Here are some information:
- ceph --cluster ceph-mirror osd tree
ID CLASS WEIGHT TYPE NAME STATUS REWEIGHT PRI-AFF
-1 17.06296 root default
-2 5.82999 host inf-0a38f9
1 hdd 2.91499 osd.1 up 1.00000 1.00000
2 hdd 2.91499 osd.2 up 1.00000 1.00000
-3 5.62140 host inf-30d985
4 hdd 2.81070 osd.4 up 1.00000 1.00000
5 hdd 2.81070 osd.5 down 0 1.00000
-4 5.61157 host inf-d7a3ca
0 hdd 2.80579 osd.0 down 0 1.00000
3 hdd 2.80579 osd.3 up 1.00000 1.00000
- ceph --cluster ceph-mirror -s
cluster:
id: 4b3bef10-7a76-491e-bf1a-c6ea4f5705cf
health: HEALTH_WARN
622/323253 objects misplaced (0.192%)
Degraded data redundancy: 9306/323253 objects degraded (2.879%), 11 pgs unclean, 11 pgs degraded, 8 pgs undersizedservices:
mon: 3 daemons, quorum inf-d7a3ca,inf-30d985,inf-0a38f9
mgr: inf-0a38f9(active), standbys: inf-d7a3ca, inf-30d985
osd: 6 osds: 4 up, 4 in; 8 remapped pgs
rbd-mirror: 1 daemon activedata:
pools: 2 pools, 128 pgs
objects: 105k objects, 418 GB
usage: 1765 GB used, 9955 GB / 11721 GB avail
pgs: 9306/323253 objects degraded (2.879%)

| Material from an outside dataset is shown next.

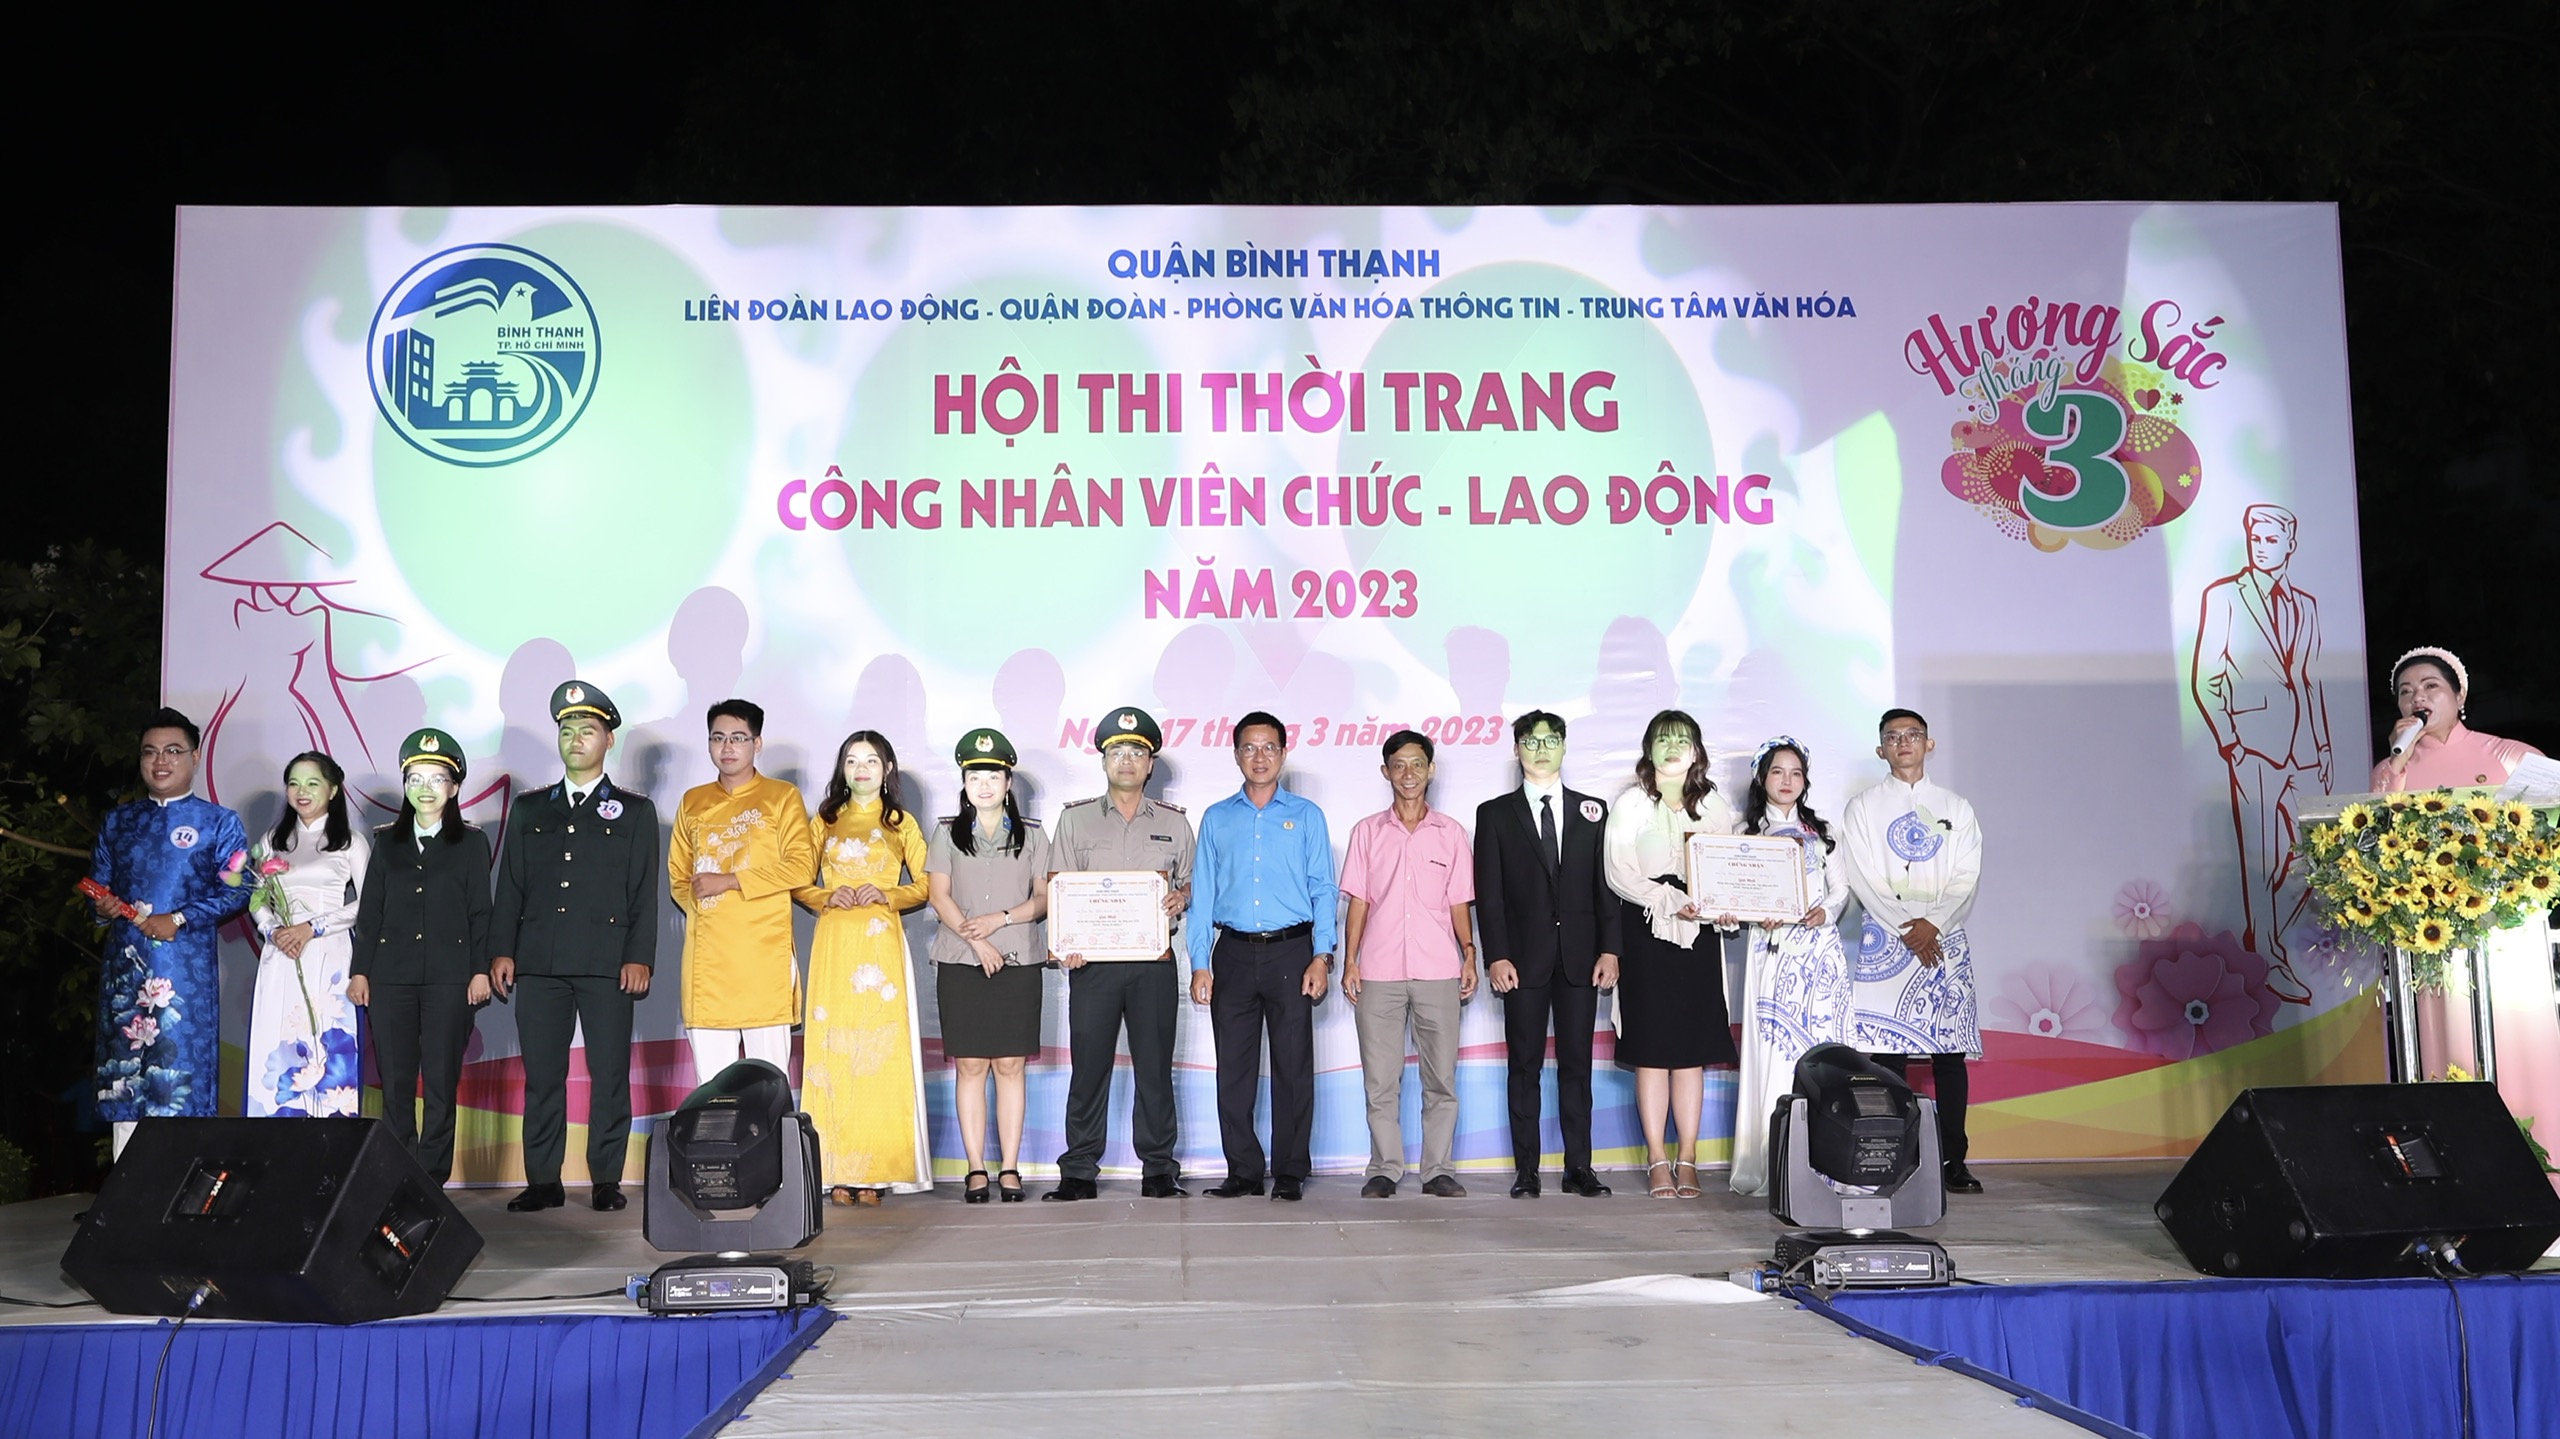 Chi cục THADS quận Bình Thạnh đạt giải nhất Hội thi thời trang công nhân viên chức lao động năm 2023

622/323253 objects misplaced (0.192%)
117 active+clean
4 active+recovery_wait+undersized+degraded+remapped
3 active+recovery_wait+degraded
3 active+undersized+degraded+remapped+backfill_wait
1 active+undersized+degraded+remapped+backfillingio:
client: 159 kB/s rd, 2004 kB/s wr, 19 op/s rd, 137 op/s wr
recovery: 1705 kB/s, 0 objects/s
Each node has 2x HDD and 2x SSD. The SSDs offer partition number 4 for usage as separate Block / WAL:
Disk /dev/sda: 234441648 sectors, 111.8 GiB
Logical sector size: 512 bytes
Disk identifier (GUID): 1BD0737C-CFB6-4A06-AB2F-3BF150E6CC12
Partition table holds up to 128 entries
First usable sector is 34, last usable sector is 234441614
Partitions will be aligned on 2048-sector boundaries
Total free space is 2014 sectors (1007.0 KiB)
Number Start (sector) End (sector) Size Code Name
1 2048 16795647 8.0 GiB FD00 Linux RAID
2 16795648 58771455 20.0 GiB FD00 Linux RAID
3 58771456 58773503 1024.0 KiB EF02 BIOS boot partition
4 58773504 234441614 83.8 GiB 8300 Linux filesystem
This is how I provisioned the devices for each node:
- ceph-disk prepare --cluster ceph-mirror --bluestore --block.db /dev/sda4 /dev/sdc
- ceph-disk prepare --cluster ceph-mirror --bluestore --block.db /dev/sdb4 /dev/sdd
- ceph-disk activate /dev/sdc1
- ceph-disk activate /dev/sdd1
sdc and sdd are the hdds, sda4 and sdb4 are the manually created (and not formatted in any way) partitions for WAL/DB usage.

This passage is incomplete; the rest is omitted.